Eating should be considered a sacred act, mainly because eating is as fundamental to our existence as breathing and drinking, and because it reminds us that we are part of something bigger, that were depend with our very lives on the plants and animals that feed us. It is an act of reaffirming this interconnectedness, this dependency, and we should always be conscious of this fact and remain grateful for every meal and every living being that gave his/her life so that we may live.

 

Listen to the Land

If you pay attention, the ecosystem you inhabit will show you all by itself what to eat. Certain berries will light up in bright colors, certain odors become fragrant, and certain animals and insects will show themselves in large numbers. Those foods will, of course, be seasonal, wild, and local. This is the only sustainable way to eat, and this was how humans and all other animals ate ever since the very beginning. Only globalized civilization allows us to eat things from distand lands, shipped to us at a tremendously high ecological cost. This is arguably one of the most destructive ways to obtain food, and there is no place for practices like this if we want to avert the worst damage to our shared home.

The same is true for growing food – if long beans grow easy and fast in your garden in one season, you should have plenty of them. If bamboo shoots sprout up in another season – there’s your dinner. In Durian season, we might just skip a meal or two and just eat Durian instead. It is an unnecessary effort and a violation of “do-nothing” principles to try to have tomatoes all year round. If they don’t like rain, fine, try again in dry season. The plants themselves know the best when (and where) to grow, and when to fruit.

One “Monthong” Durian – enough to feed two people for half a day!

All diets that are not land-based can and will never be sustainable. If juice fasters want to drink only grape juice for two months, there is absolutely no way they themselves can grow enough grapes organically to supply themselves with the extraordinary amount of juice they will consume during that time. Only supermarkets supplied by industrial-scale juice processing factories and chemical-intensive monocultures allow such lavish absurdities.

 

But what about fasting and “Breatharians”?

Fasting certainly can have enormous benefits both for health and for spiritual experiences. Many primitive cultures all over the globe have rituals that involve fasting for purification of body and mind, and for vision quests.

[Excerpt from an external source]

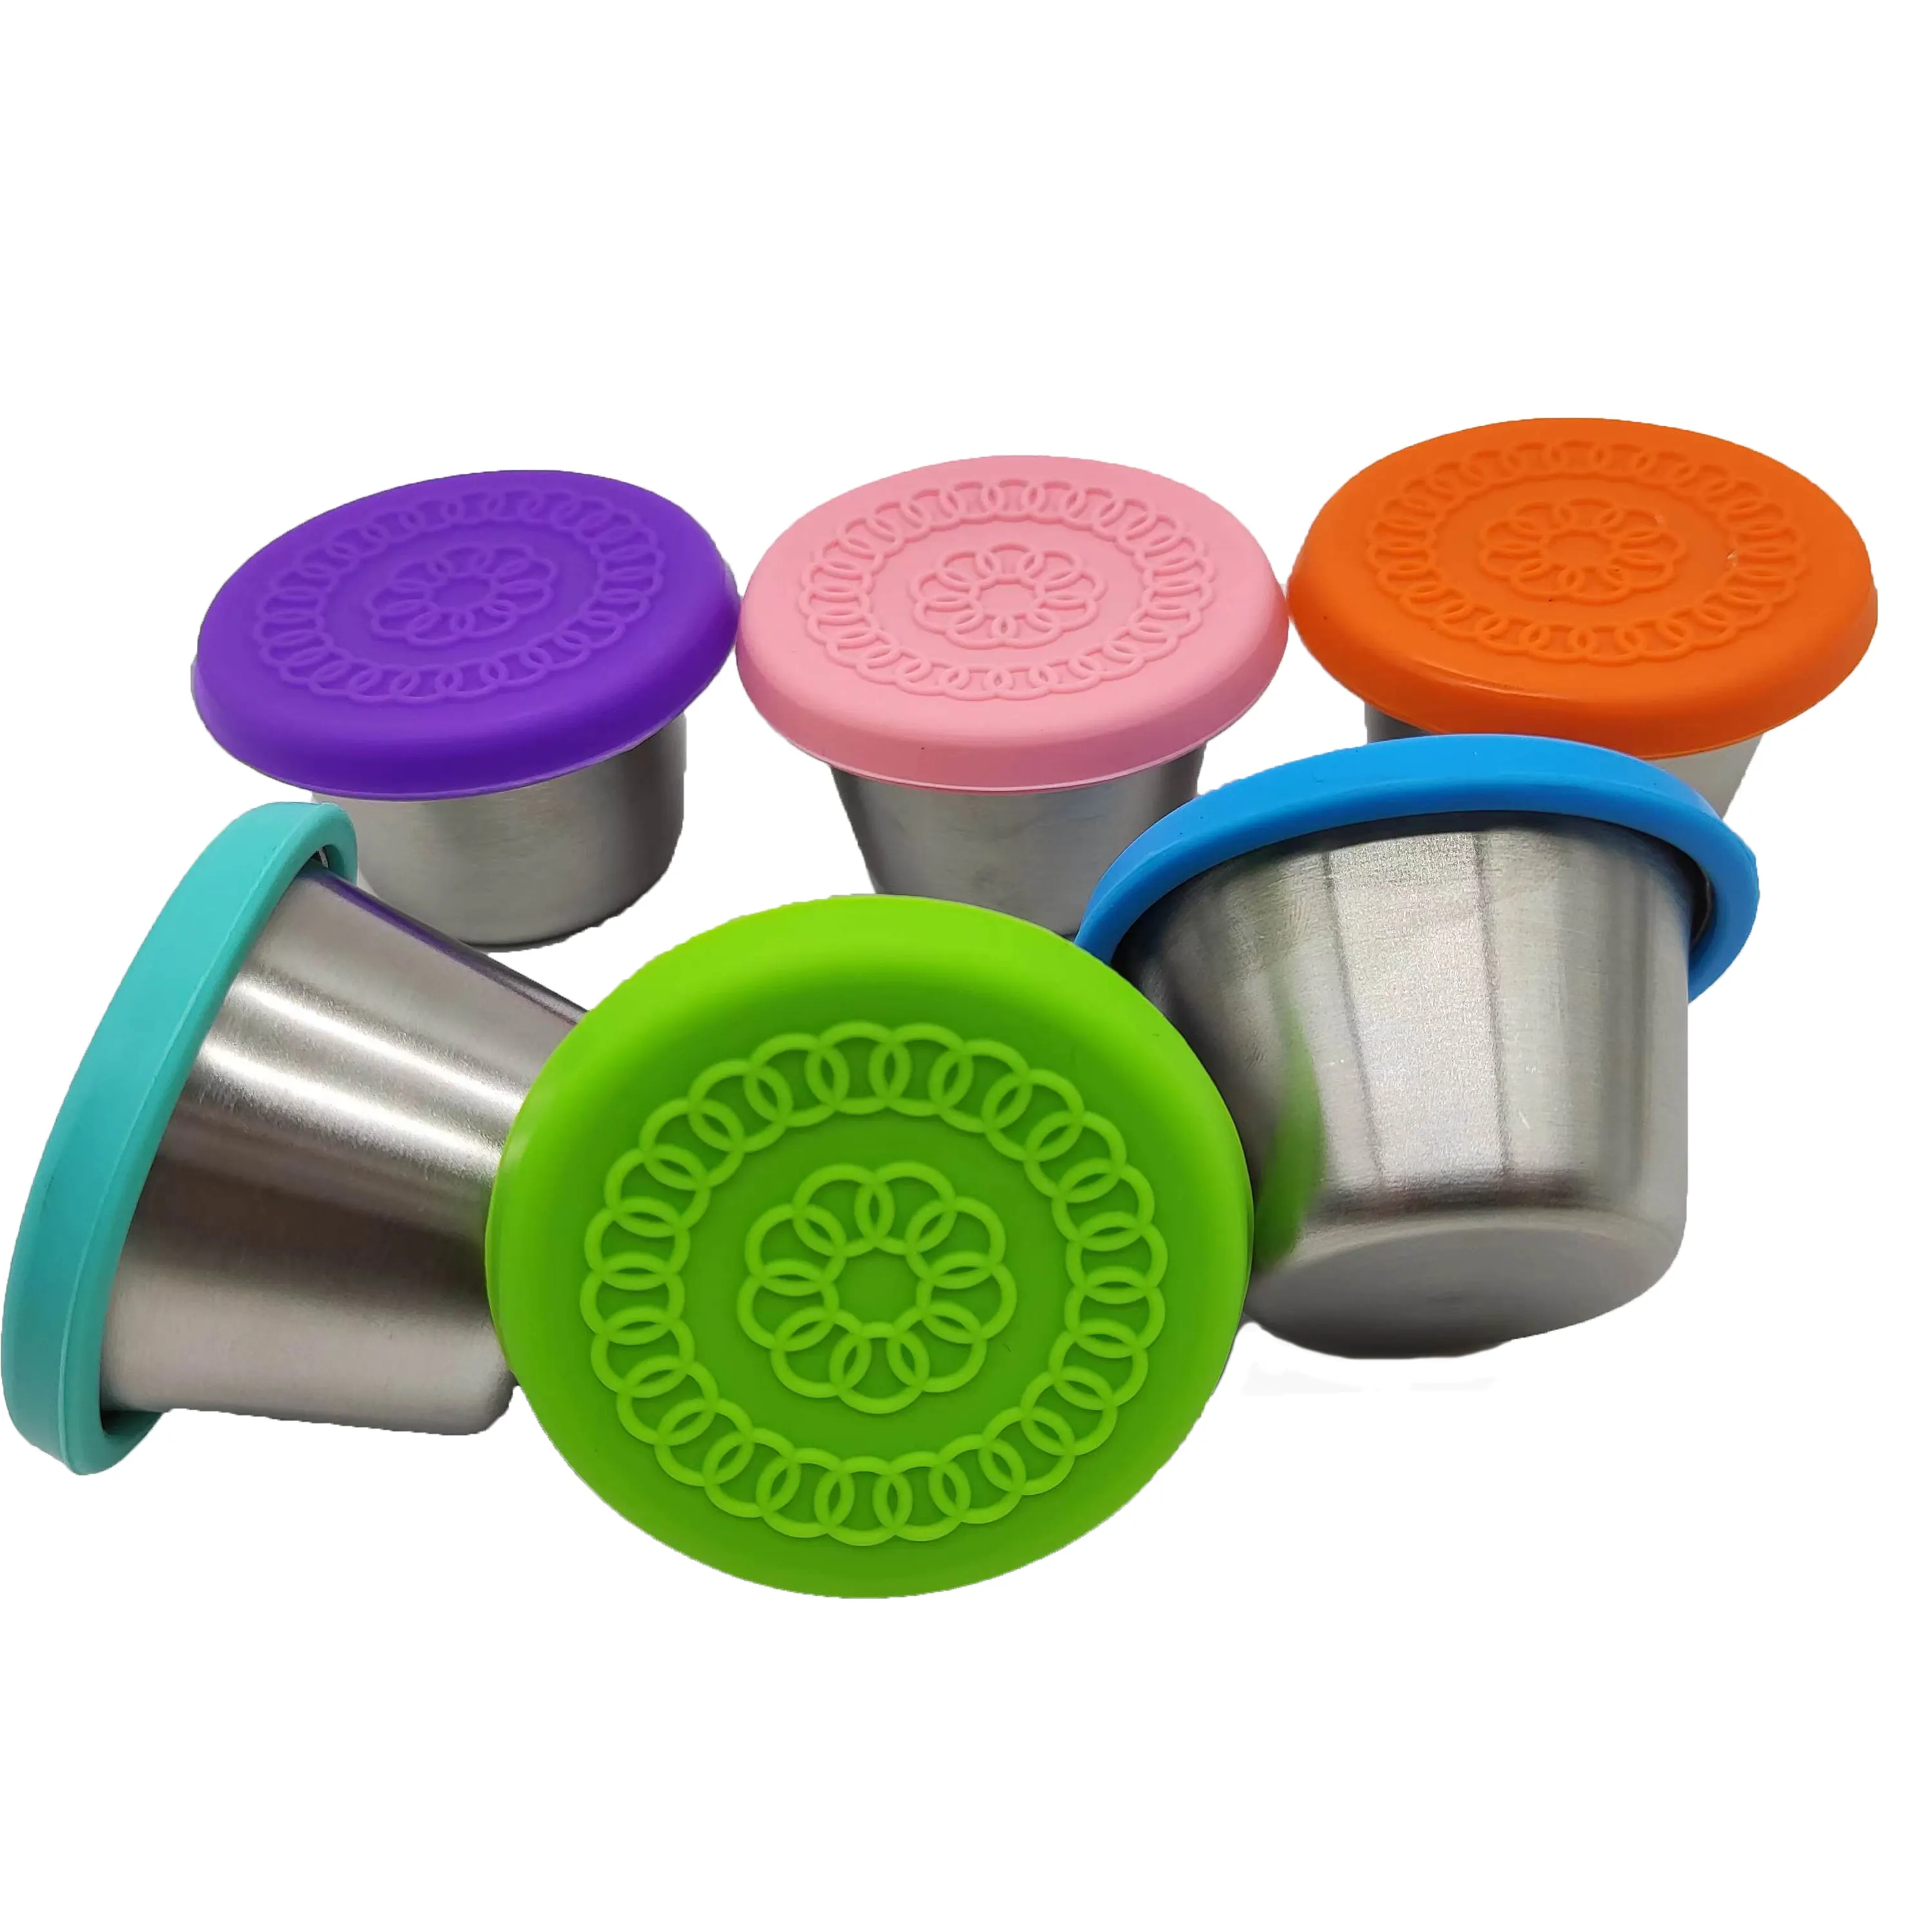 70ML Silicone Dipping Cup Salad Dressing Containers Stainless Steel Condiment Cup With Silicone Lids Storage Small Food Storage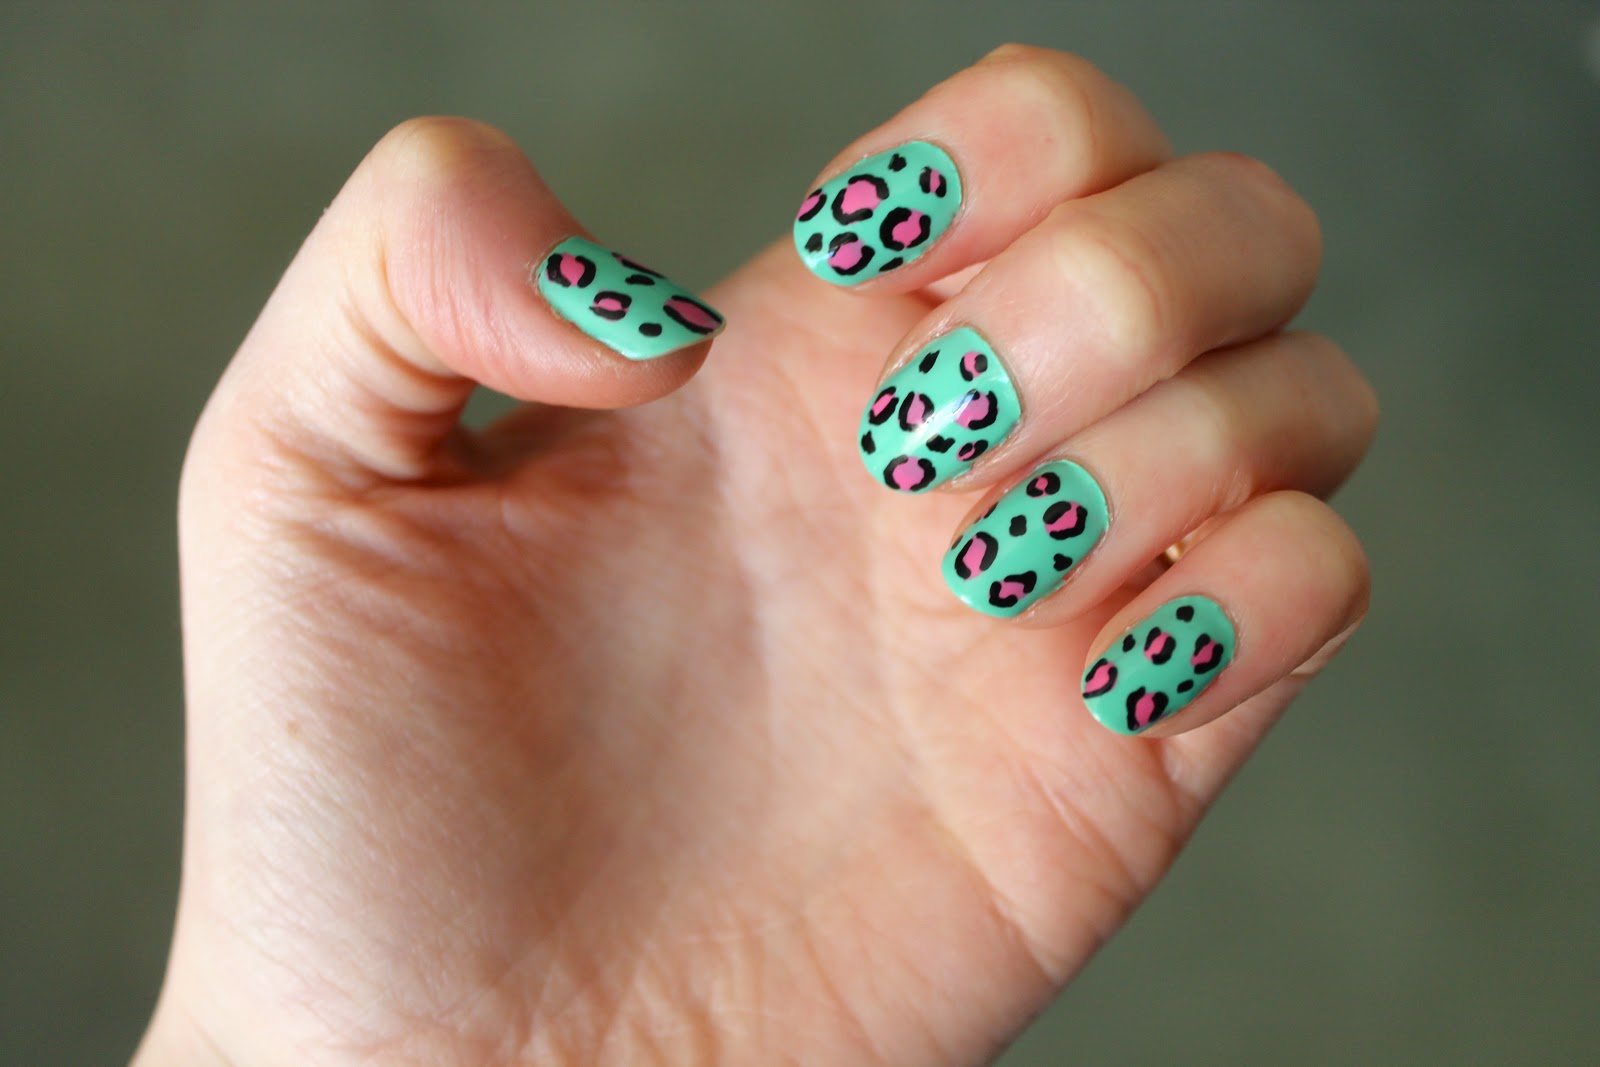 8. Exotic Animal Print Nail Art for a Wild Summer Look - wide 3

When done right and not too often, there is nothing wrong with it – as long as you don’t overdo it and you don’t stop listening to your body.

Modern culture still maintains certain imbecile core beliefs from earlier civilizations, and those can be very harmful and counterproductive. One of those beliefs is the Mind-over-Matter metaphor, the idea that you have to make yourself suffer, to use your mind to force your body to attain “spiritual pureness”.

First recorded in ancient Greece where philosophers came up with the strange idea that the mind is somehow separated from and more important than the rest of the body (even though mind and body are two parts of one and the same entity, and one can’t exist without the other), this idea was later picked up by Christians (notably the notoriously women- and body-hating Apostle Paul) who reached a new level of Nature-denial and self-hatred. Inspired by passages from the Bible like: “Put to death what is earthly in you: fornication, impurity, passion, evil desire, and covetousness, which is idolatry” (Colossians 3:5), Christians started hating their bodies so much that they denied themselves every kind of pleasure and even occasionally practiced self-flagellation – hitting themselves with a whip. This sense of having to punish the “worldly” body through the “higher” and “pure” mind remains vivid until today, although most people punishing their bodies through extreme fasting and other such exercises would vehemently deny that their practice has anything to do with their Christian ancestors’ beliefs and practices. Nonetheless, the pattern of thought is the same.

We advocate loving and honoring your body, we advocate enjoying all the wonderful earthly pleasures there are to enjoy in life, and we see mind and body as two equal aspects of one and the same thing, interdependent and interconnected like the rest of the cosmos.

 

There are people who claim not to have eaten for extended periods, but to us this seems like bogus. It is the same idea, as old as civilization, that humans are somehow “higher” than other animals (although giraffes are arguably a lot higher than humans), somewhere in the middle between animals and gods – and therefore, they believe, we can transcend the earthly shackles of being forced to eat food like every other creature crawling in the dirt.  This, of course, is utter nonsense. It stands in direct conflict with how life works. To think you can evade the endless cycle of feeding and being food is the denial of Life itself. We are animals, and this is a reason to be proud and feel rooted, comforted, and welcome – to recognize yourself as a part of a larger family, the Community of Life.

Oh, and then there is the story of how, in 1983, most of the leadership of the breatharian sect in California resigned when Wiley Brooks, a notable proponent of breatharianism who claimed that “all food is poison”, was caught sneaking into a hotel and ordering a chicken pie. Guess Nature finally caught up with him.